MCPMark
MCPMark is a comprehensive, stress-testing MCP benchmark designed to evaluate model and agent capabilities in real-world MCP use.
What is MCPMark?
MCPMark is a Model Context Protocol (MCP) server that allows AI assistants like Claude, Cursor, and VS Code to mcpmark is a comprehensive, stress-testing mcp benchmark designed to evaluate model and agent capabilities in real-world mcp use.
MCPMark is a comprehensive, stress-testing MCP benchmark designed to evaluate model and agent capabilities in real-world MCP use.

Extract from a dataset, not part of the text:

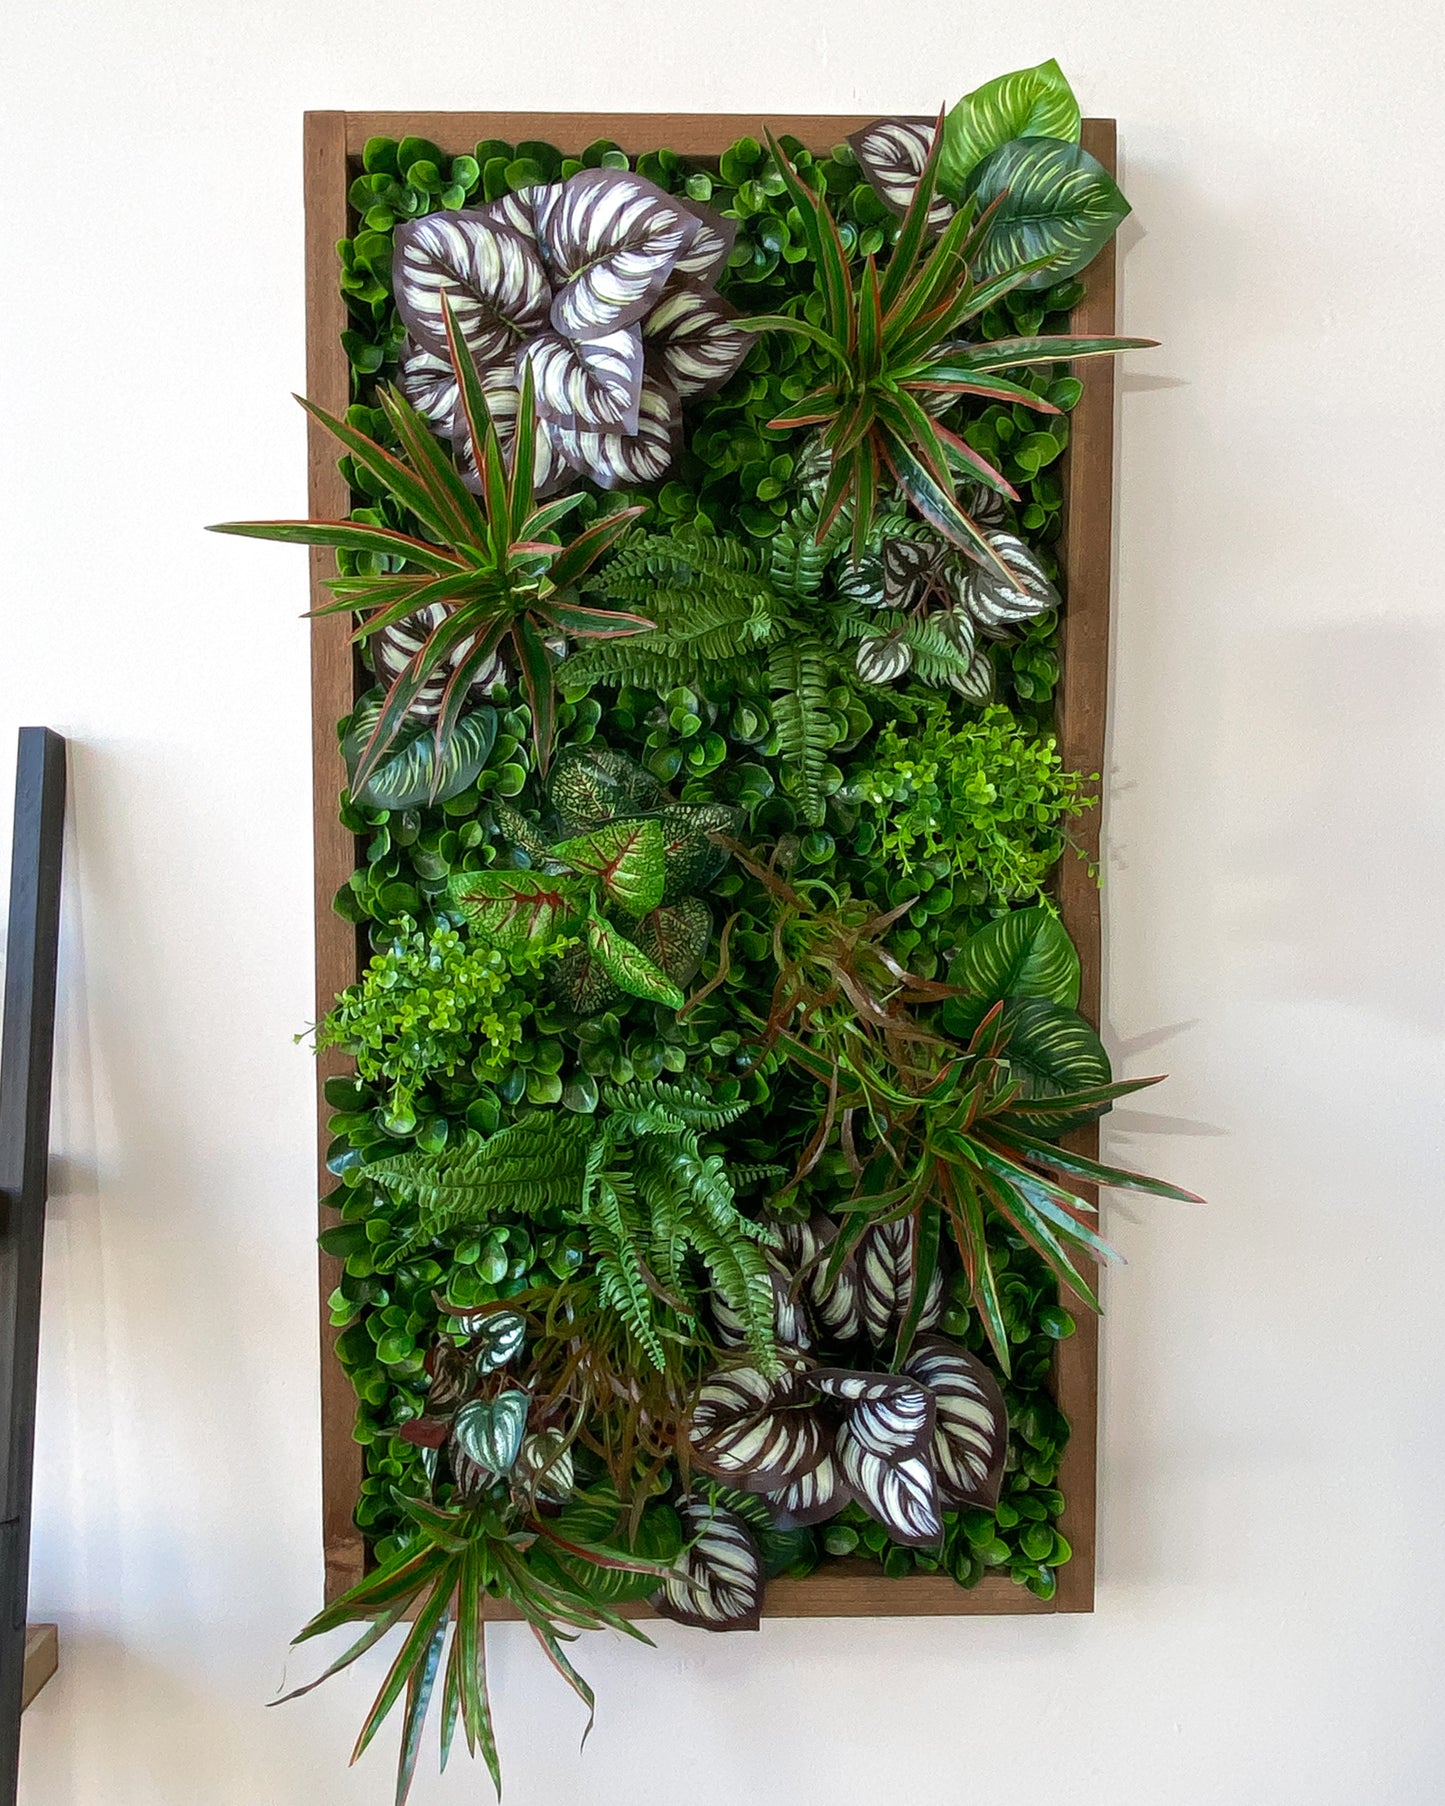 Plantframe/Pflanzenwand/Mooswand "SORNA" aus Realtouch Kunstpflanzen in Fichtenholzrahmen

This server falls under the Analytics category on MCPgee, the world's largest MCP server directory with 33,000+ servers.
Features
- MCPMark is a comprehensive, stress-testing MCP benchmark des
Use Cases
Maintainer
Works with
Installation
Manual Installation
npx mcpmarkConfiguration
Configuration Details
claude_desktop_config.json
Performance
Response Metrics
Resource Usage
How to Set Up and Use MCPMark
MCPMark is a comprehensive stress-testing benchmark suite designed to evaluate the real-world tool-use capabilities of LLM agents against actual MCP servers. It covers five MCP service categories — Notion, GitHub, Filesystem, Postgres, and Playwright — with 127 standard tasks and 50 easier tasks, enabling rigorous pass@k and pass^k measurements. Teams use MCPMark to compare models, validate agent frameworks, and identify failure modes in MCP tool-calling behavior before production deployment.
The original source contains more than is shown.